-- Exercise prompt --
Although the records contain pictures, none belong in the copy: restate word for word only the lines from the one with "What Percentage Of" through the one with "Kale & Chestnut Soup with Wild Mushrooms", both included.

-- Recorded data --
■ ■ ■ ■ ■ ■ ■

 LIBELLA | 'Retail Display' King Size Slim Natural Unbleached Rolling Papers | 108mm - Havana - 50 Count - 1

■ ■ ■ ■ ■ ■ ■

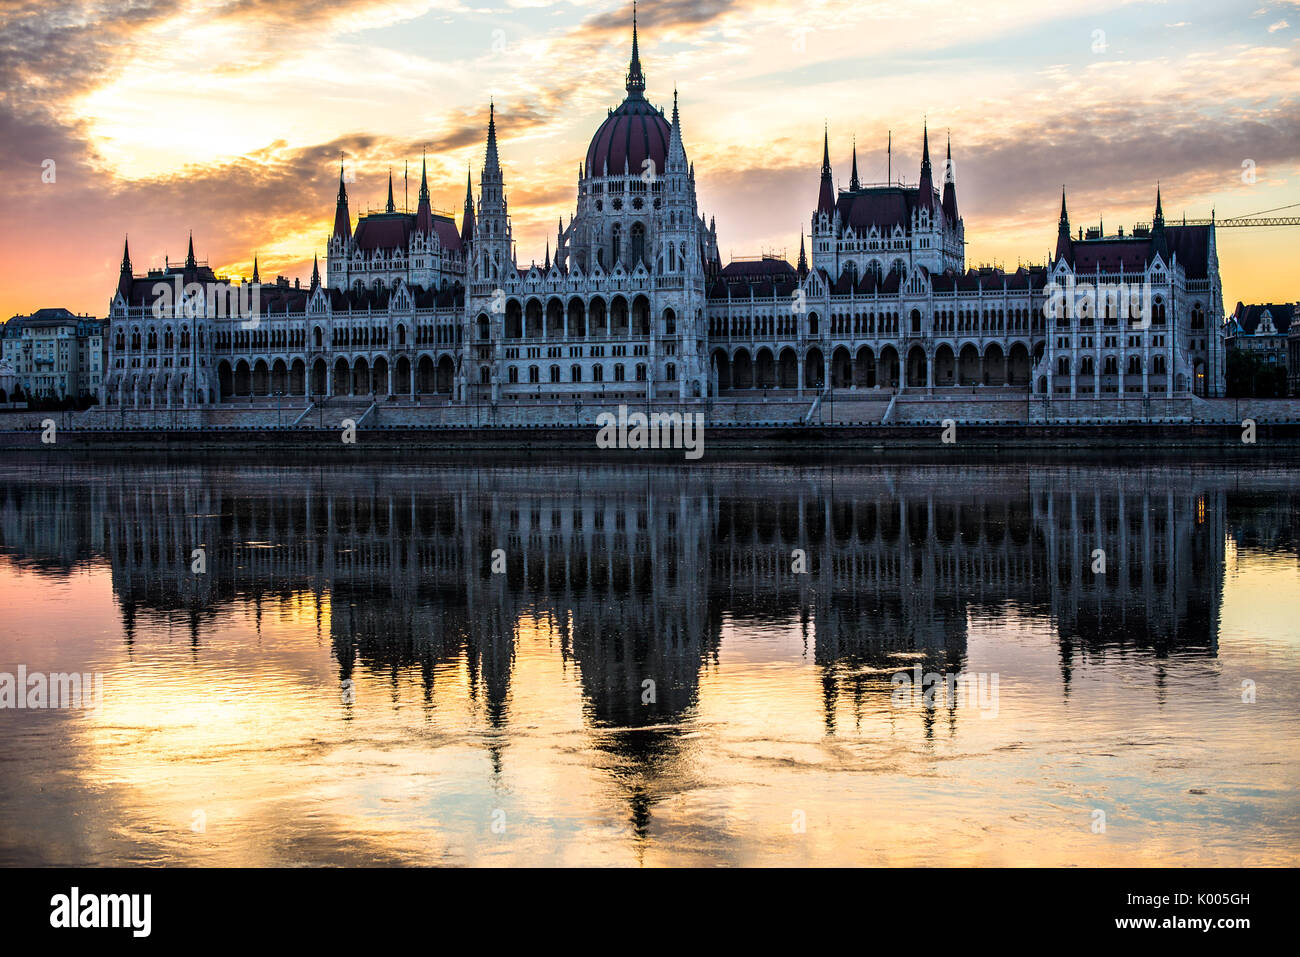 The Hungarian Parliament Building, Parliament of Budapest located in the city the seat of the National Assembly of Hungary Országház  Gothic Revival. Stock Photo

■ ■ ■ ■ ■ ■ ■

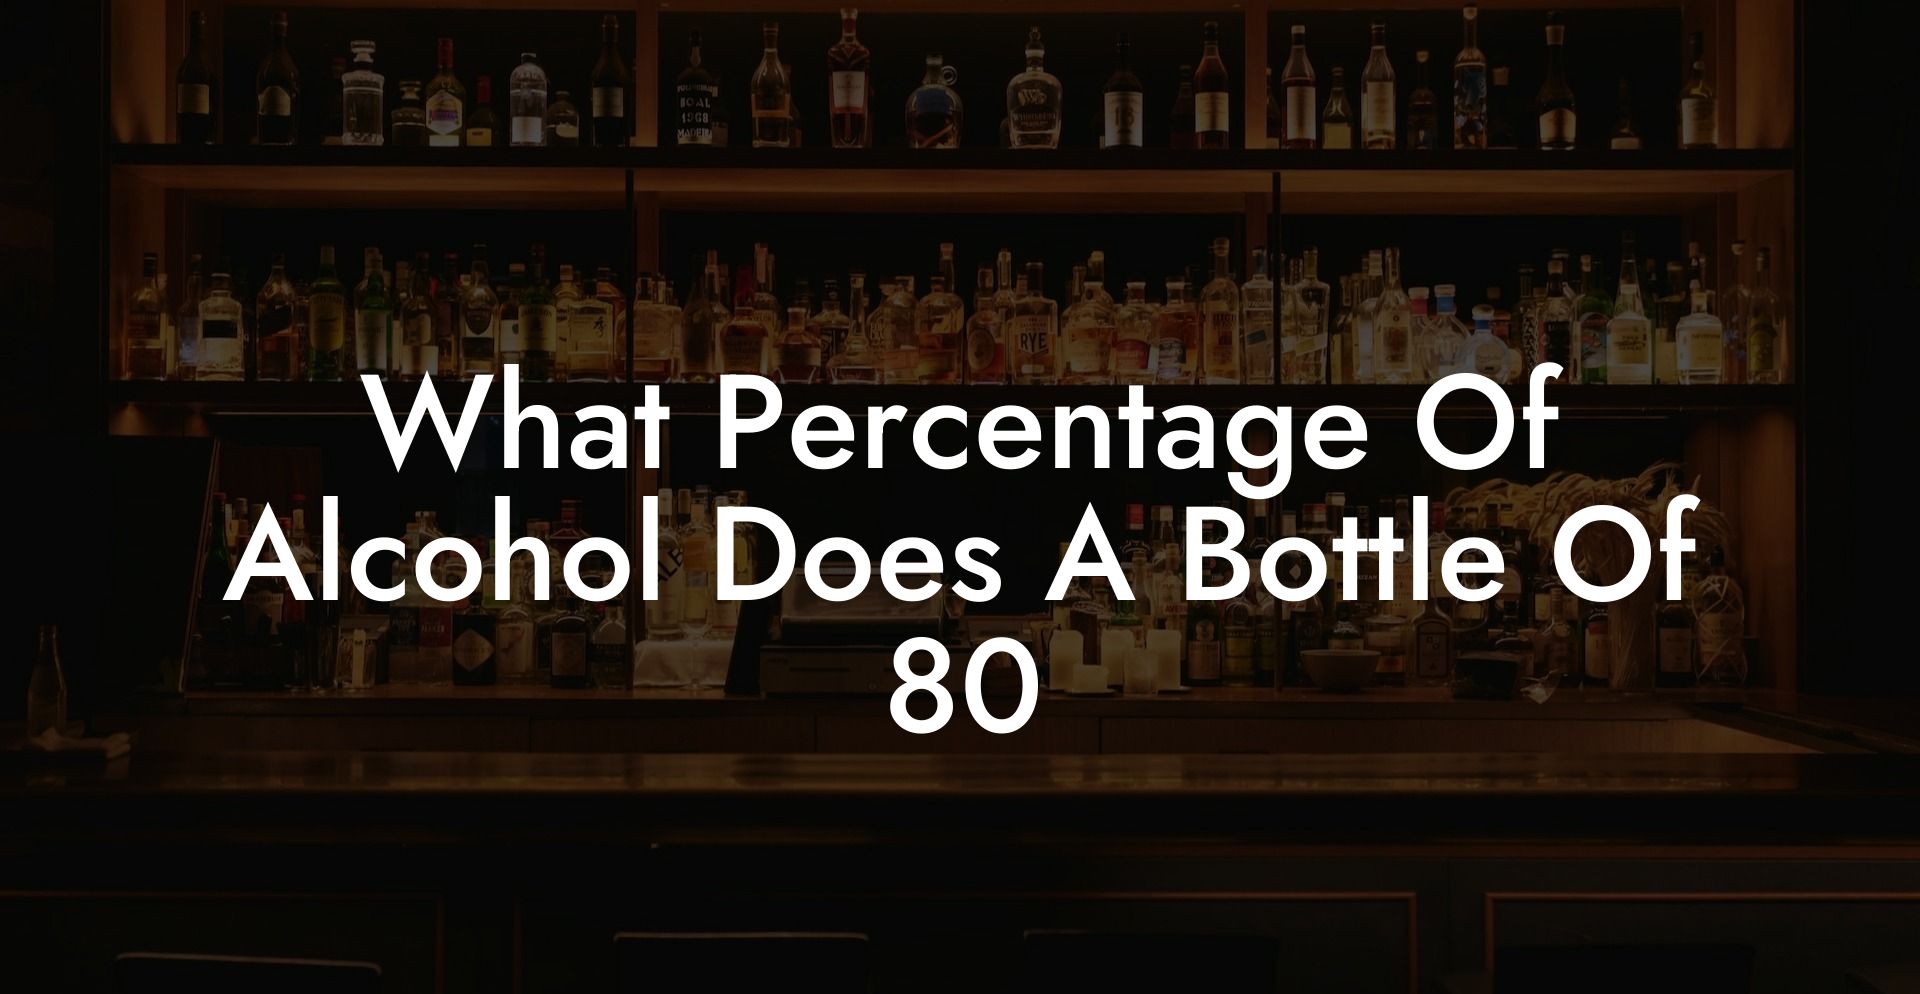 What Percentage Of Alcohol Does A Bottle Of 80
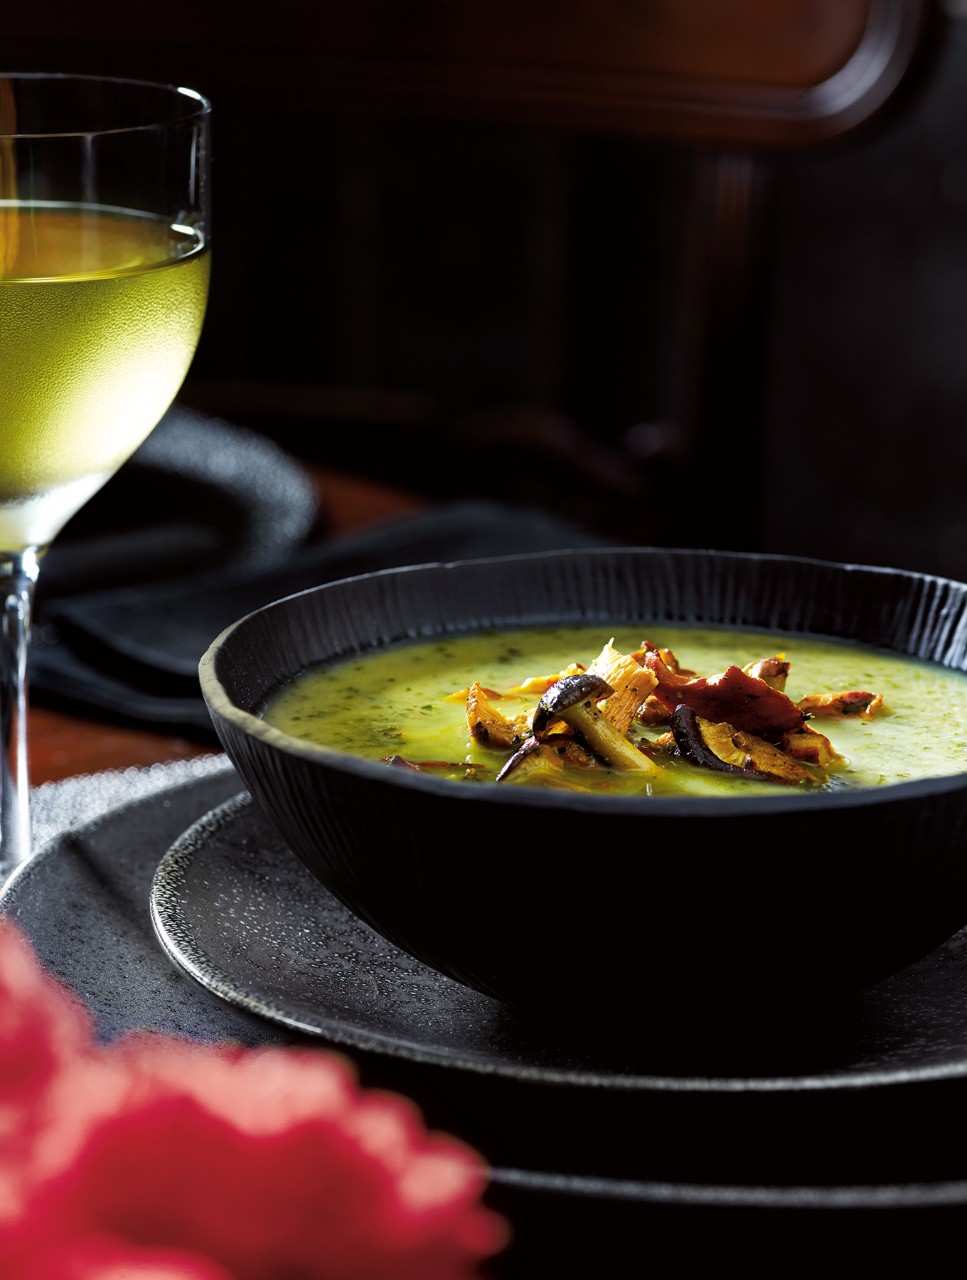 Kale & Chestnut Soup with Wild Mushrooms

■ ■ ■ ■ ■ ■ ■

-- Exercise answer --
 What Percentage Of Alcohol Does A Bottle Of 80
 Kale & Chestnut Soup with Wild Mushrooms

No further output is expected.